The table of contents can be expanded by clicking on the plus signs and collapsed again by clicking on minus signs. The table of contents descends three levels, i.e. divisions below the third level are not shown (for reasons of speed).

Clicking on one of the links in the table of contents will take you to the page view for the part of the text in question.

The Hitlist

After performing a search for e.g. "lakṣaṇa", you will be presented with a hitlist.

The results of your search are presented in the form of a keywords-in-context (KWIC) display, centring the strings that were found matching to your search term, with the context the matches occur in on the left and right. Clicking the center string (here, "lakṣaṇa") will display the text in which the hit occurs, with all matches highlighted.

The order in which the hits occur differs according to the index used for search. With an NGram Index, the hits are simply ordered according to the title of the texts in which they occur. With a Lucene Full-Text Index, the hits are ordered according to their score. The score is a measure of the relevancy of the hits in relation to the search. What this means is a little technical, but, generally speaking, the more often more of your search terms occur in a hit and the rarer the search terms are within the texts searched, the higher the score will be.

The search term matches are grouped in hits, i.e. according to the levels of the document targeted by your search, with clickable references to the text as a whole (showing the header information and table of contents) and the part of the text in which the hit occurred (displaying the text itself). One hit (such as the second here) may contain several matches.

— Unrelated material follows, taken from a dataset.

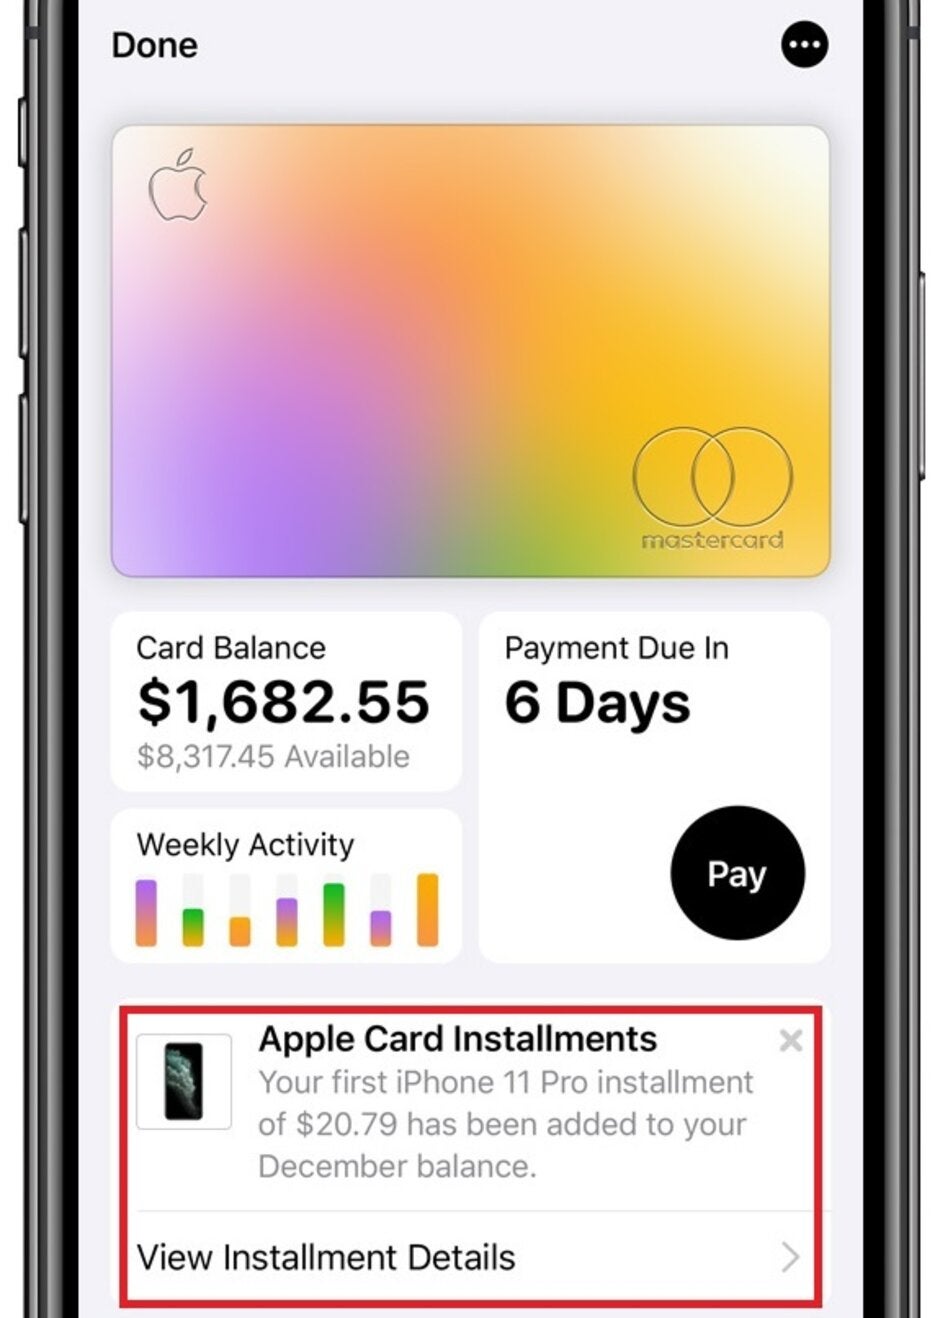 Use the Apple Card at the Apple Store and pay off your new iPhone by making 24 interest-free payments - Apple Card holders can buy an iPhone and make 24 monthly interest-free payments

The hits are shown twenty at a time on each page. At the top, you have the total number of hits and a means of navigating from hit group to hit group.

The Page View

After clicking on one of the links that leads to a direct display of a page, you are shown the page view.

If you have clicked on a search term link in the hitlist, the search term(s) will all be highlighted if you are searching through the Luucene Full-Text index, but only one will be highlighted if you search through the NGram Index.

It is not possible to view a whole text, due to the heavy load on the browser this would entail in case of very long texts, but as a substitute for this you can download the whole text in a number of formats from the list of works.

You have the option of moving back and forth in the text. There may occur a "blank layer", with no text displayed, in which case you should just move on one click. Such "blank layers" occur because the text moves from one division down to a lower division which does not have any text and does not have a header.

From the button in the left side of the screen, you have the option of accessing the table of contents, allowing you to move from chapter to chapter or section to section.

Clicking the title of the text will take you to the page displaying the text's header and table of contents.